LSM (Large Sensor Model)

LSM (Large Sensor Model) is a multimodal foundation model for consumer wearable data, developed by researchers at Google in collaboration with the University of Washington, MIT, and USC, and presented at ICLR 2025 ("Scaling Wearable Foundation Models," arXiv 2410.13638, October 2024). It addresses a gap in the foundation-model landscape: while text, image, and biological-sequence models have been scaled extensively, the continuous physiological and behavioral signals streamed by wrist-worn devices had not been studied at comparable scale. LSM treats these heterogeneous sensor channels as a single multimodal substrate for self-supervised pretraining.

The model is trained on what the authors describe as the largest wearable-signals dataset assembled to date — up to 40 million hours of per-minute data drawn from more than 165,000 individuals wearing Fitbit and Pixel Watch devices. Six modalities are combined: heart rate, heart rate variability, electrodermal activity, accelerometer, skin temperature, and altimeter. Rather than building a bespoke model per sensor or per task, LSM learns a shared representation that transfers across modalities and downstream objectives.
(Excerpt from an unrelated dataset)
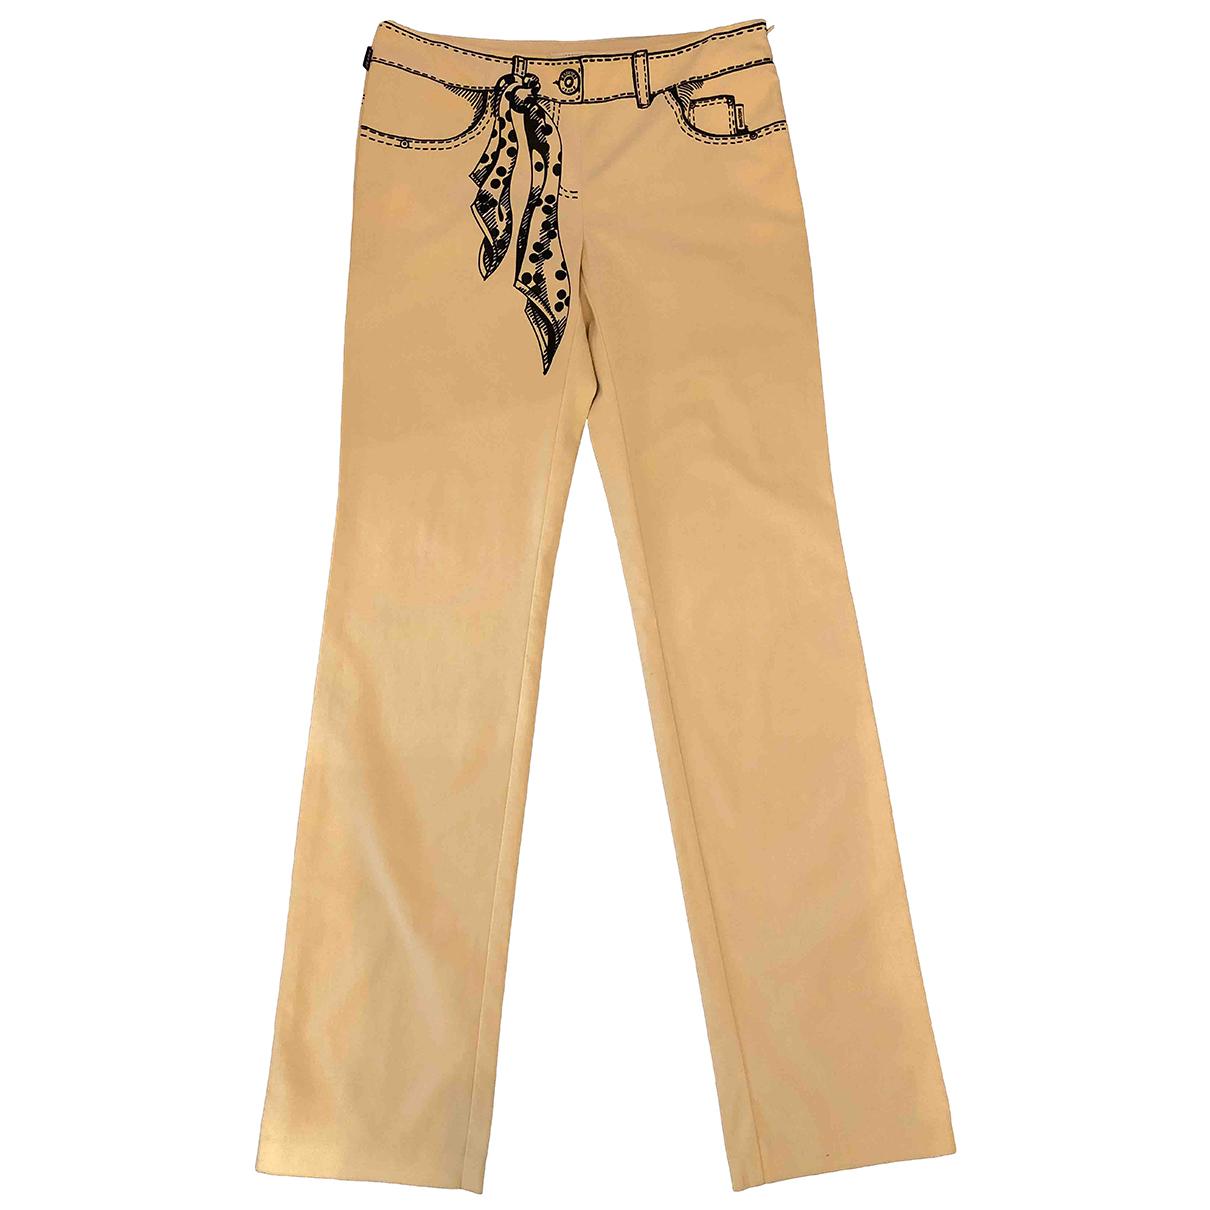 Pantalon recto Moschino

A central contribution is empirical: the work characterizes how performance improves with data, compute, and model size, establishing scaling laws for the wearable-signal domain analogous to those documented for language and vision. This gives the field a principled basis for investing in larger sensor models and datasets, and demonstrates that the data-efficiency benefits seen in other modalities also hold for noisy, sparsely-sampled physiological time series.

#Key Features

• Six-modality fusion: Jointly models heart rate, HRV, electrodermal activity, accelerometer, skin temperature, and altimeter signals in a single pretrained representation rather than per-sensor specialists.
• Massive-scale pretraining: Trained on up to 40 million hours of per-minute wearable data from over 165,000 participants, the largest such corpus reported.
• Scaling laws for sensors: Quantifies how downstream quality improves with data, compute, and parameters, extending scaling-law findings to physiological time series.
• Sample-efficient transfer: Enables strong downstream performance with limited labels on tasks such as exercise and activity recognition, reducing the labeled data needed per new task.
• Generative completion: Supports temporal imputation, interpolation, and extrapolation, as well as filling in missing sensor channels across modalities.

#Technical Details

LSM is a transformer-based model pretrained in a self-supervised, masked-modeling fashion over multimodal sensor windows, learning to reconstruct masked regions across both time and sensor channels. Inputs are minute-resolution streams from the six wearable modalities, drawn from Fitbit and Pixel Watch data. The authors sweep dataset size (up to 40M hours), model size, and compute to fit scaling curves, and they evaluate the learned representations on discriminative tasks (exercise and activity recognition) and generative tasks (imputation across time gaps, interpolation, and extrapolation, including cross-modal reconstruction of a withheld sensor). Across these settings, larger models trained on more data yield better and more sample-efficient downstream behavior, consistent with the fitted scaling laws.

#Applications

LSM targets consumer health and behavioral sensing: its representations can be fine-tuned with relatively few labels for activity and exercise recognition, making it useful for fitness tracking, sleep and stress monitoring, and digital health research that relies on passively collected wearable signals. Its generative imputation and extrapolation capabilities are valuable for handling the gaps, dropped channels, and missing readings that are pervasive in real-world wearable data, supporting more robust downstream analytics and population health studies built on noisy device streams.

#Impact

LSM is among the first works to systematically establish scaling laws for wearable physiological signals, providing evidence that the foundation-model paradigm extends to multimodal sensor data and offering the field a roadmap for scaling data and model size. Its demonstration of sample-efficient transfer is particularly consequential for health applications, where labeled outcomes are scarce and expensive. A key limitation for external researchers is openness: the model weights and code have not been released, and the underlying dataset is proprietary, so the results are not independently reproducible and the model cannot be directly reused. The work spawned a follow-up, LSM-2, which builds on this original model.